18.3.3 Properties of the Poisson Distribution
The equidispersion property of the Poisson distribution: Implies \(E[y|X]=Var[y|X]=\lambda\), which is very often violated.
When this property fails to hold, we state that there is overdispersion in the data. In this case, the negative binomial can be used.
Overdispersion causes the standard errors estimated using the Poisson distribution to be too small. An alternative approach is to estimate heterosckedastic (robust) standard errors.
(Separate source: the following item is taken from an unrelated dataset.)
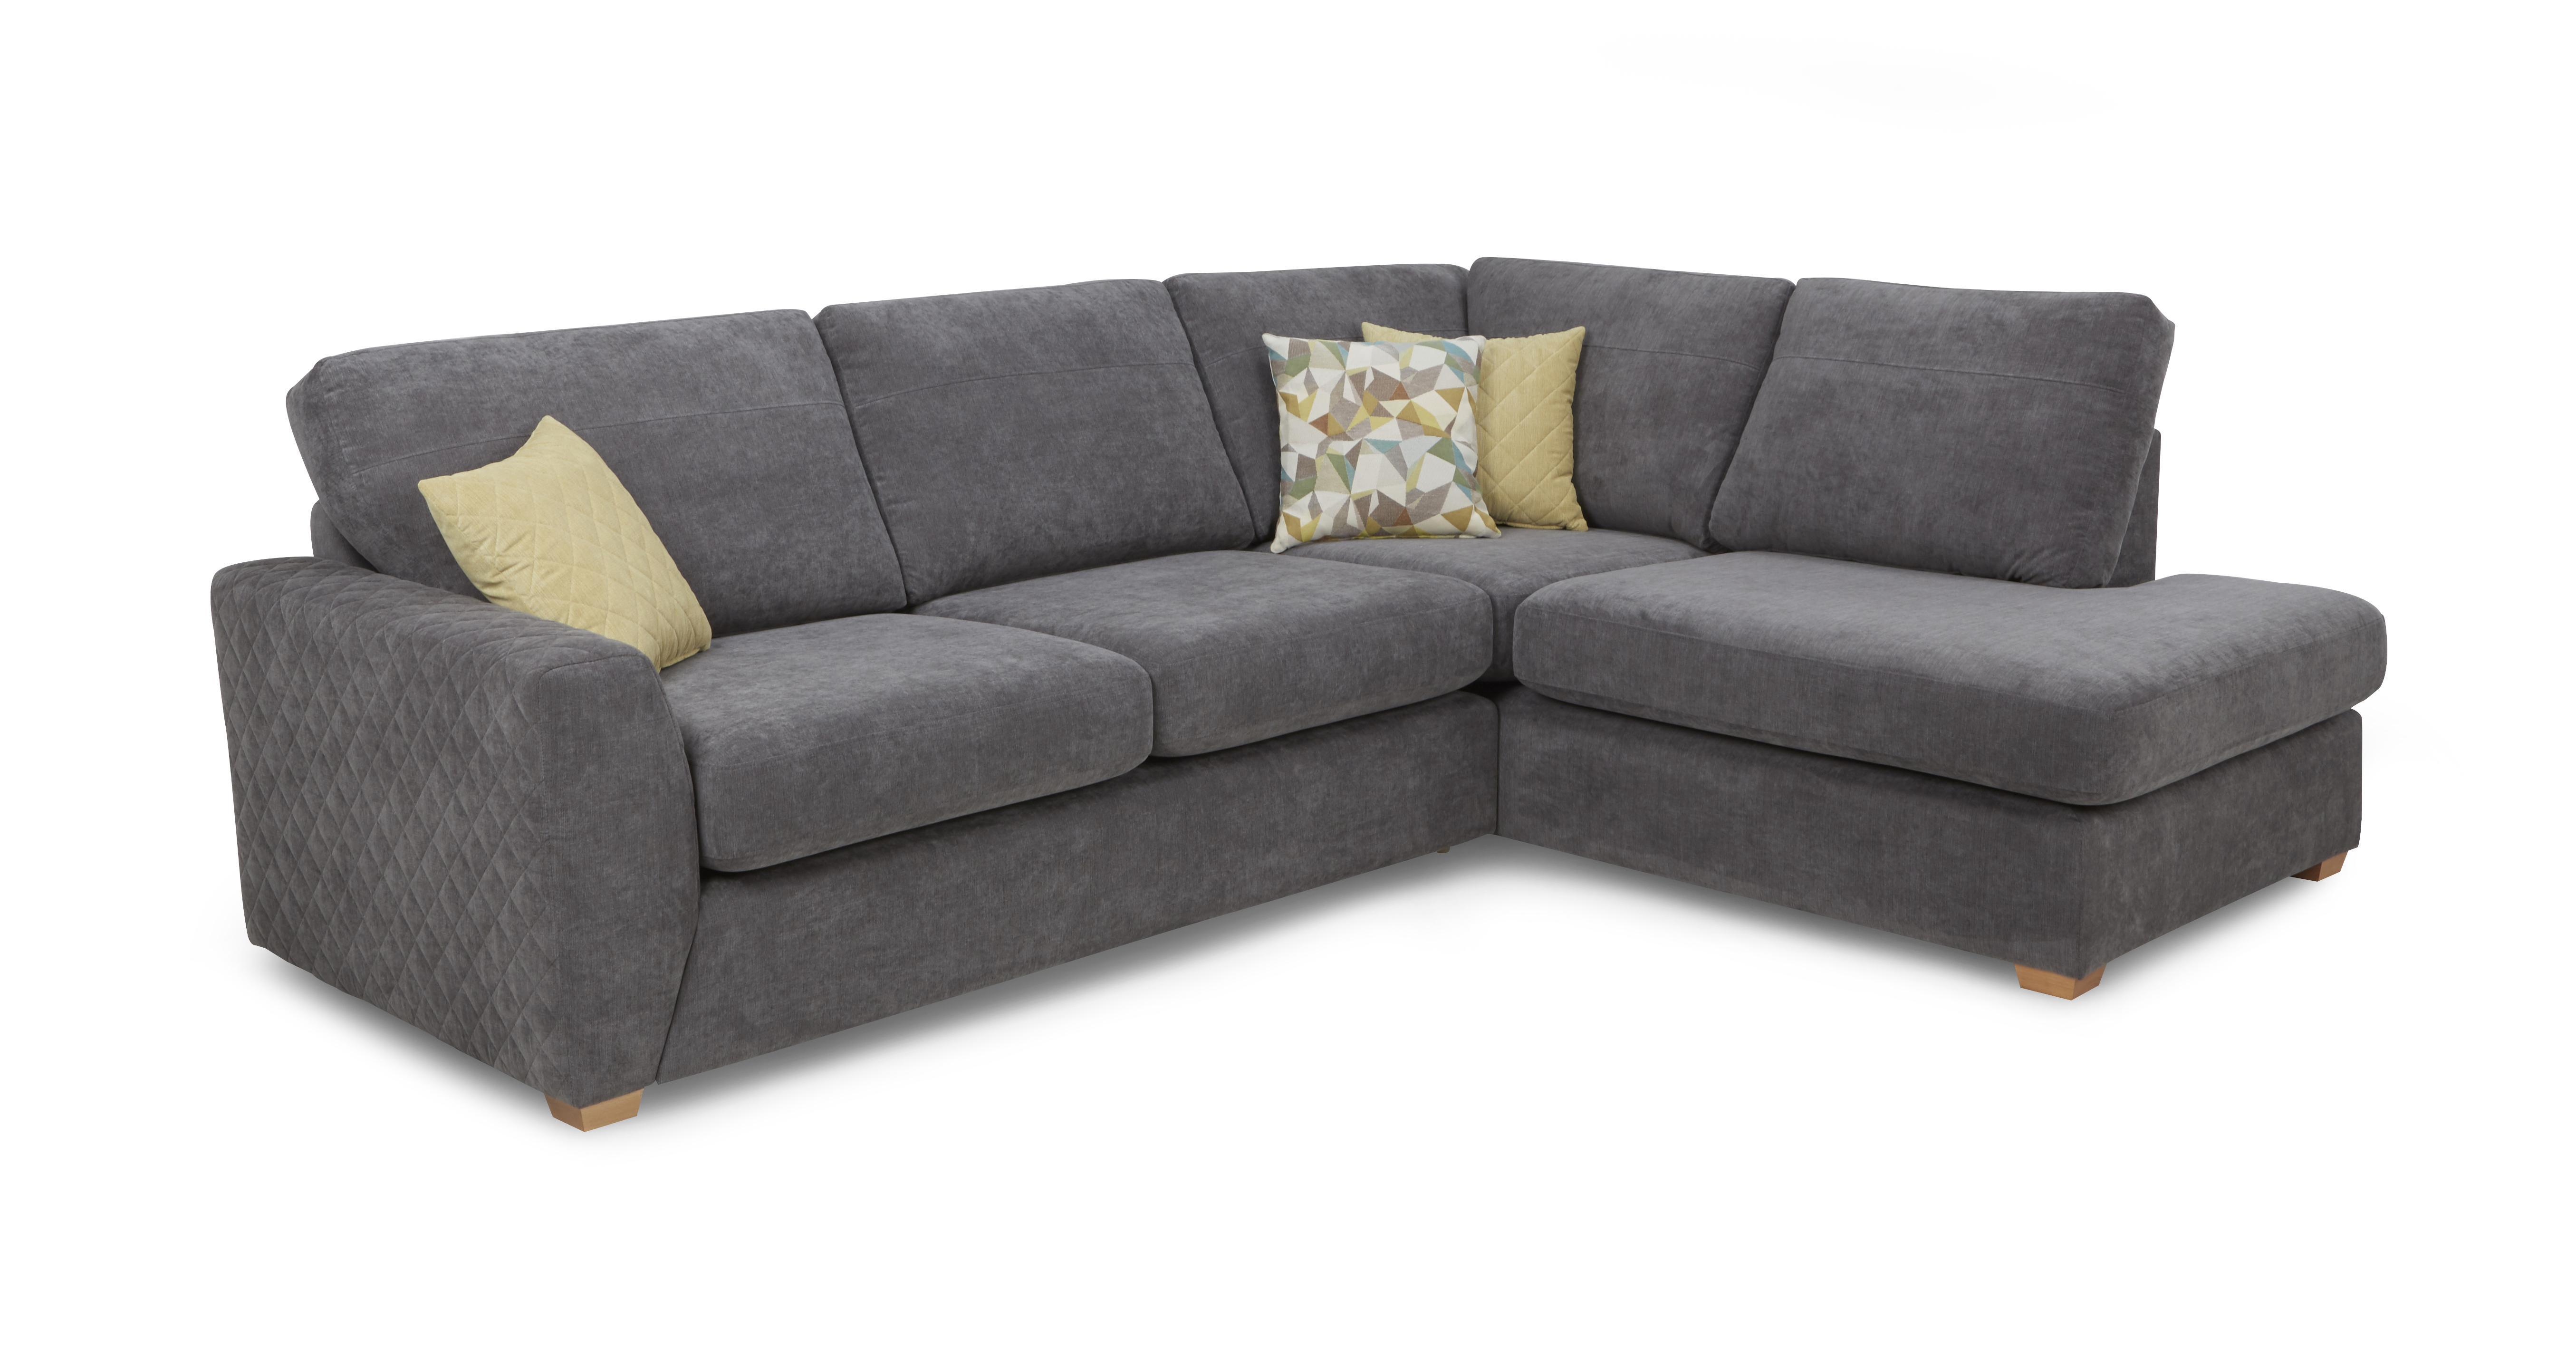 dfs navona sofa reviews restoration hardware 98 kensington leather zuri large ireland astaire

Woolridge (1999) had demonstrated that using robust standard errors compensates for the overdispersion problem and often performs better than the negative binomial distribution.
18.3.4 Negative Binomial Distribution
The Negative Binomail distribution has a less restrictive relationship between the mean and variance of y. \[Var(y)=\lambda+\alpha \lambda^2\]
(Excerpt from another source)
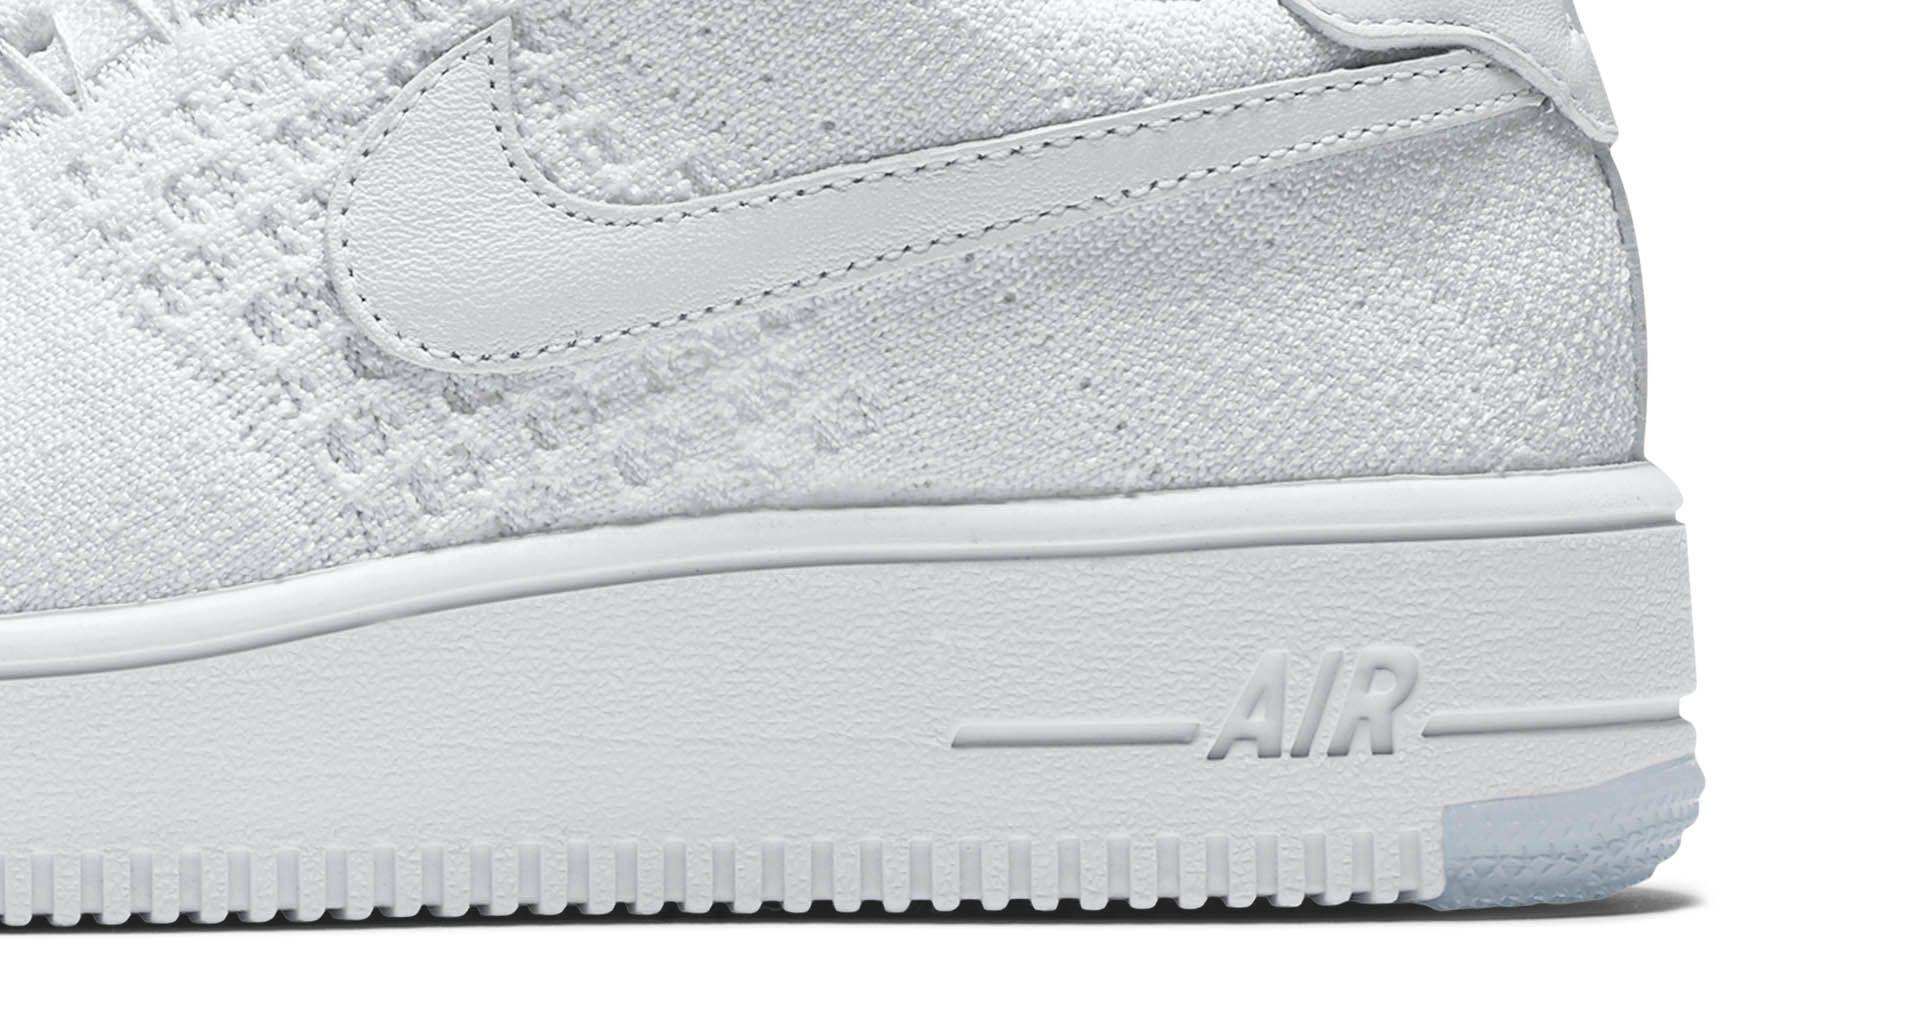 sale retailer 0861d a4562 Women's Nike Air Force 1 Ultra Flyknit Low 'Triple White ...

We can think of \(\alpha\) as the overdispersion parameter.
18.3.5 Testing for Overdispersion
Step 1. Estimate the count model using the negative binomial distribution.
Step 2. Test \(H_o:\alpha=0\) vs \(H_a:\alpha\neq0\)
Step 3. Determine which case you are in
- If \(\alpha=0\), then the Poisson model holds
- If \(\alpha>0\), then we have overdispersion (very common)
- If \(\alpha<0\), then we have underdispersion (rare)
18.3.7 Issues with the data
First, notice the shape of Physician office visits. Does this look normally distributed to you?
Should we be concerned with the mass of zero’s?
How about those outliers?
18.3.8 Standard Poisson and Negative Binomial Model
pformu<-visits~hospital+chronic+insurance+gender+school
fm_pois <- glm(pformu, data = NMES1988, family = poisson)
cov.m1 <- vcovHC(fm_pois, type="HC0")
std.err <- sqrt(diag(cov.m1))
fm_qpois <- glm(pformu, data = NMES1988, family = quasipoisson)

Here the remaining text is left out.